RAW DATA:
%%
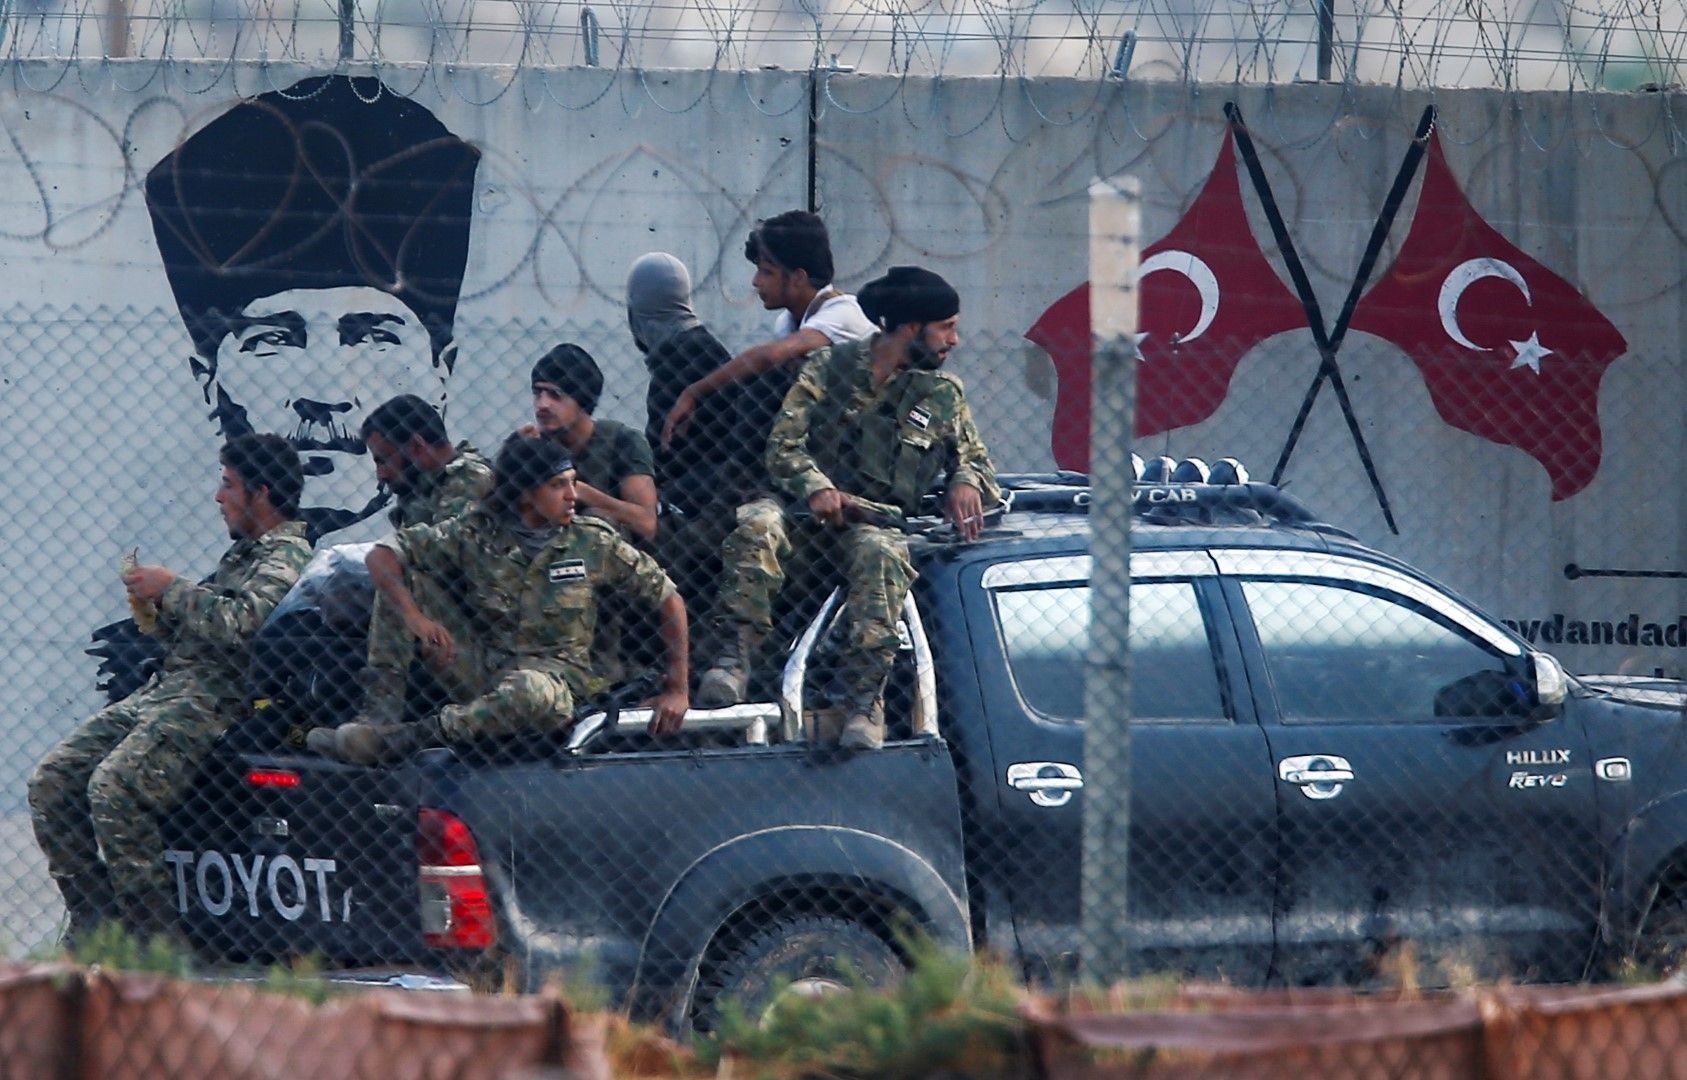 Сирийски бунтовници, които подкрепят турската армия, навлизат в Сирия под погледа на основателя на съвременна Турция Кемал Ататюрк
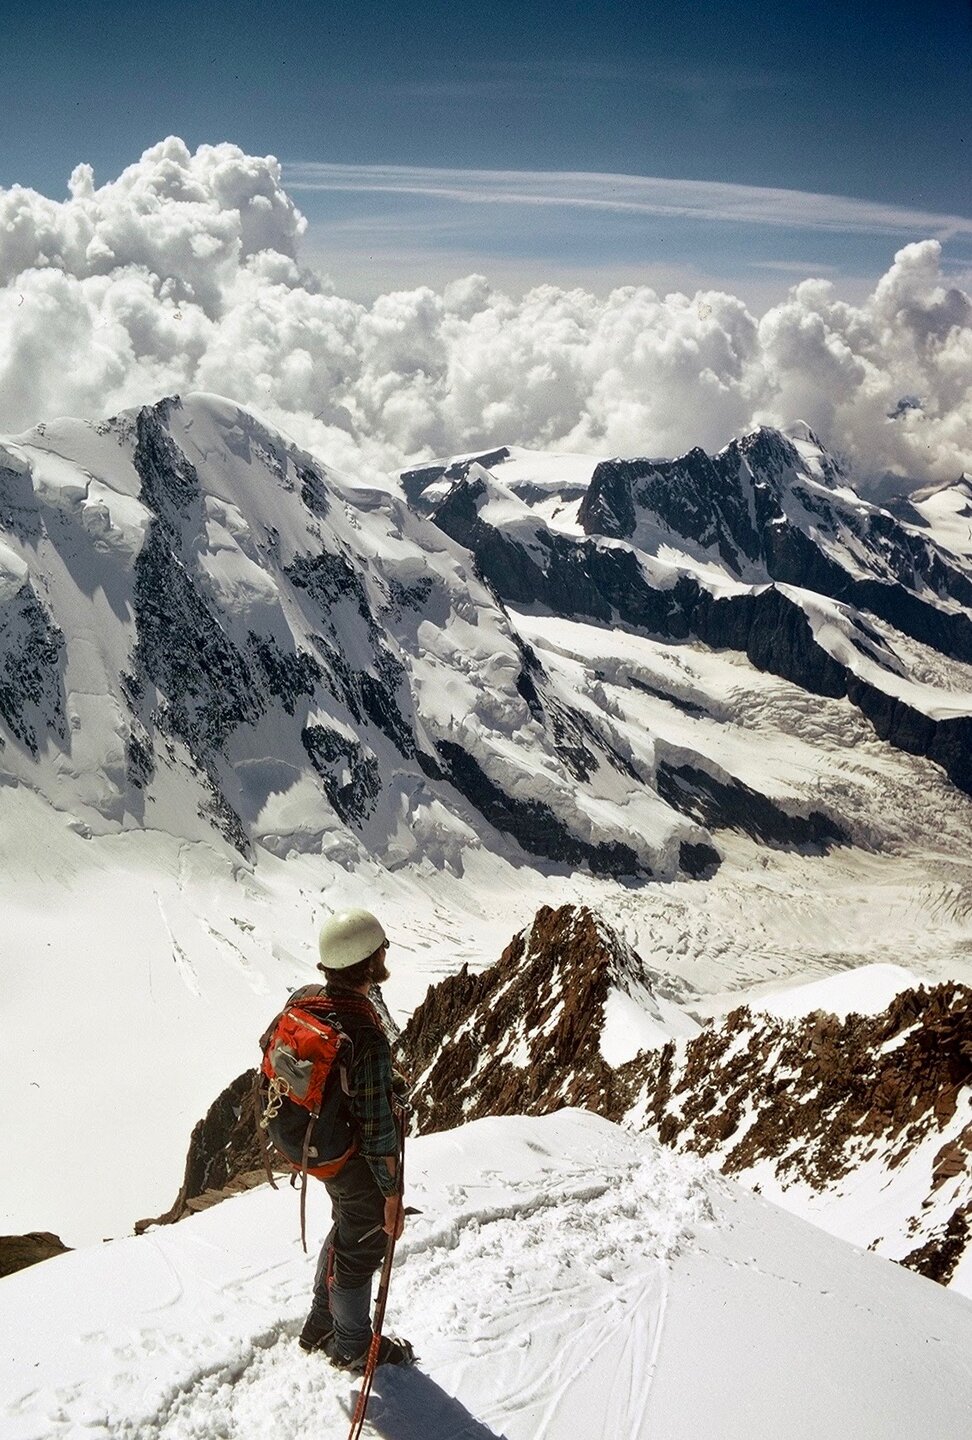 UKC Photos - Top 10 Climbing & Mountaineering Photos this week
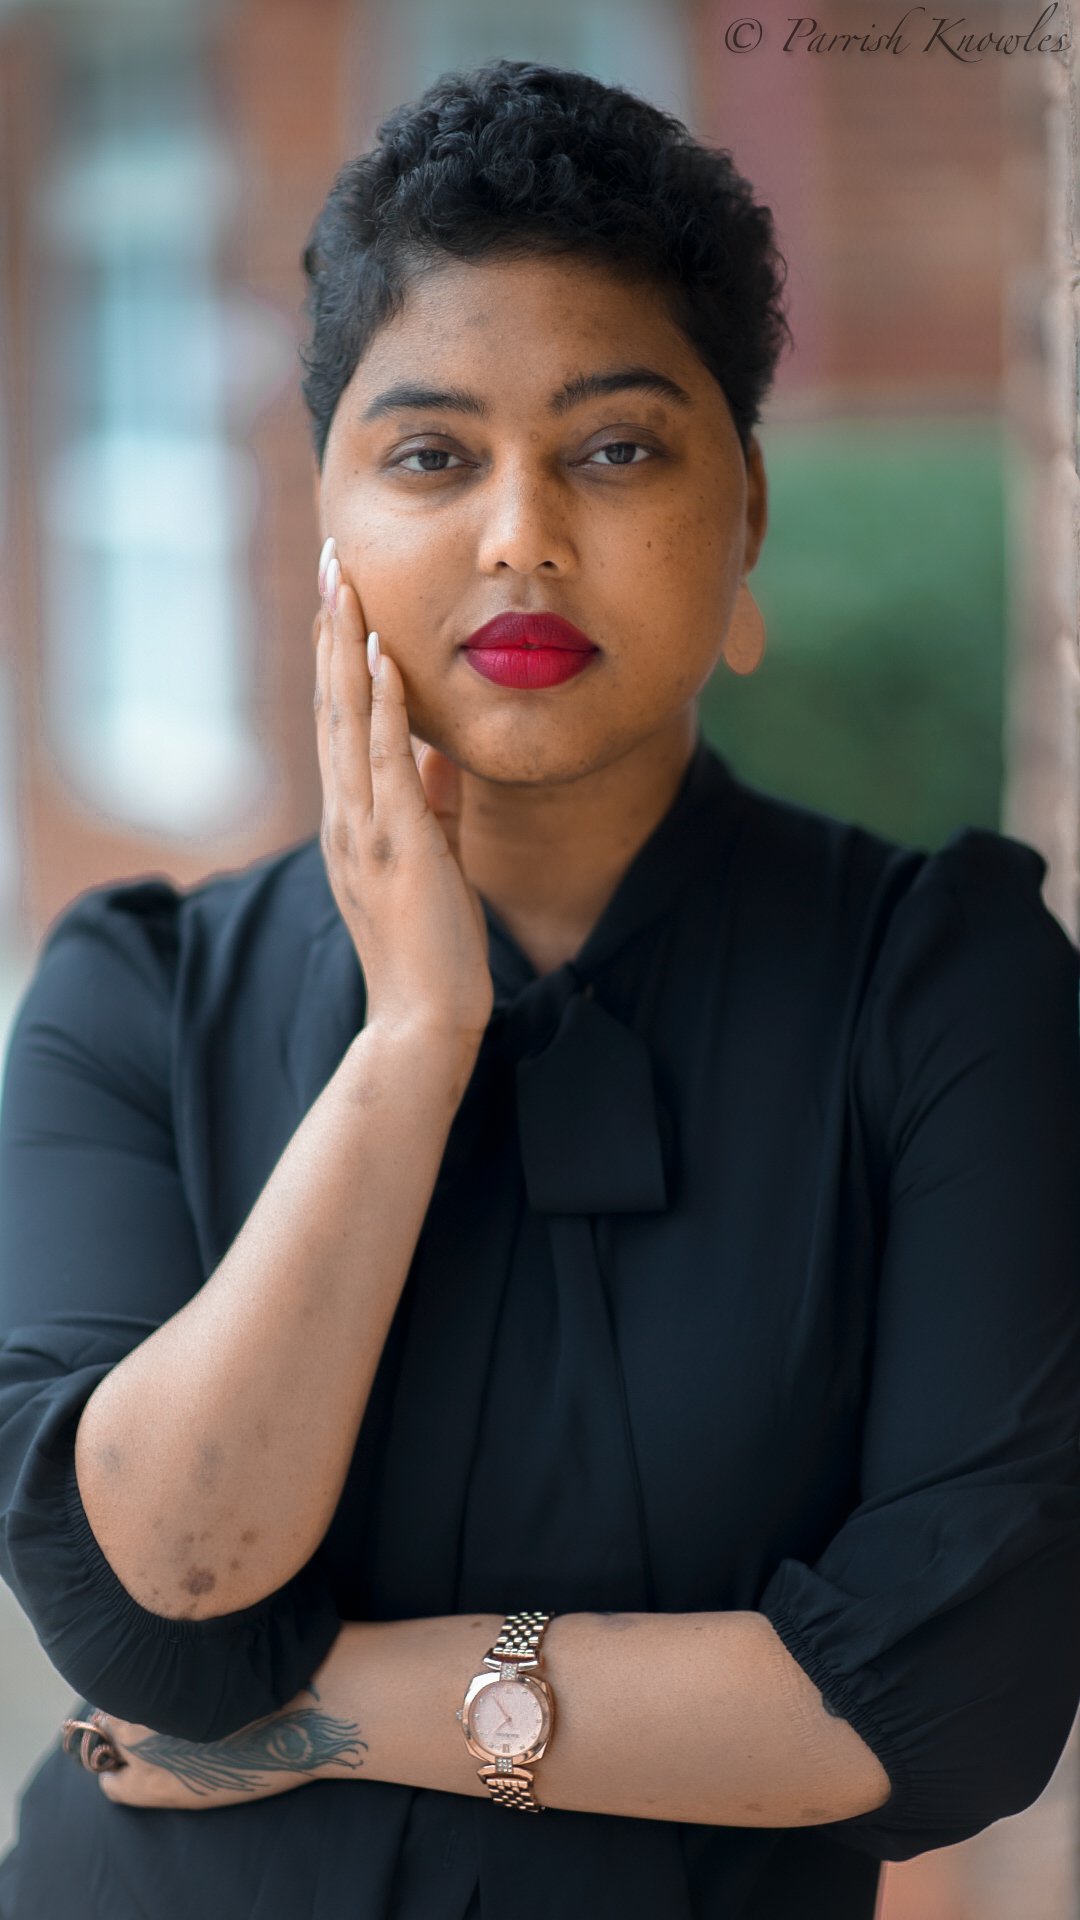 Tifara Knowles, spoken word artist
%%
PROBLEM: The result should be the full material above, word for word, with its pictures omitted.

EXPECTED OUTPUT:
 Сирийски бунтовници, които подкрепят турската армия, навлизат в Сирия под погледа на основателя на съвременна Турция Кемал Ататюрк
 UKC Photos - Top 10 Climbing & Mountaineering Photos this week
 Tifara Knowles, spoken word artist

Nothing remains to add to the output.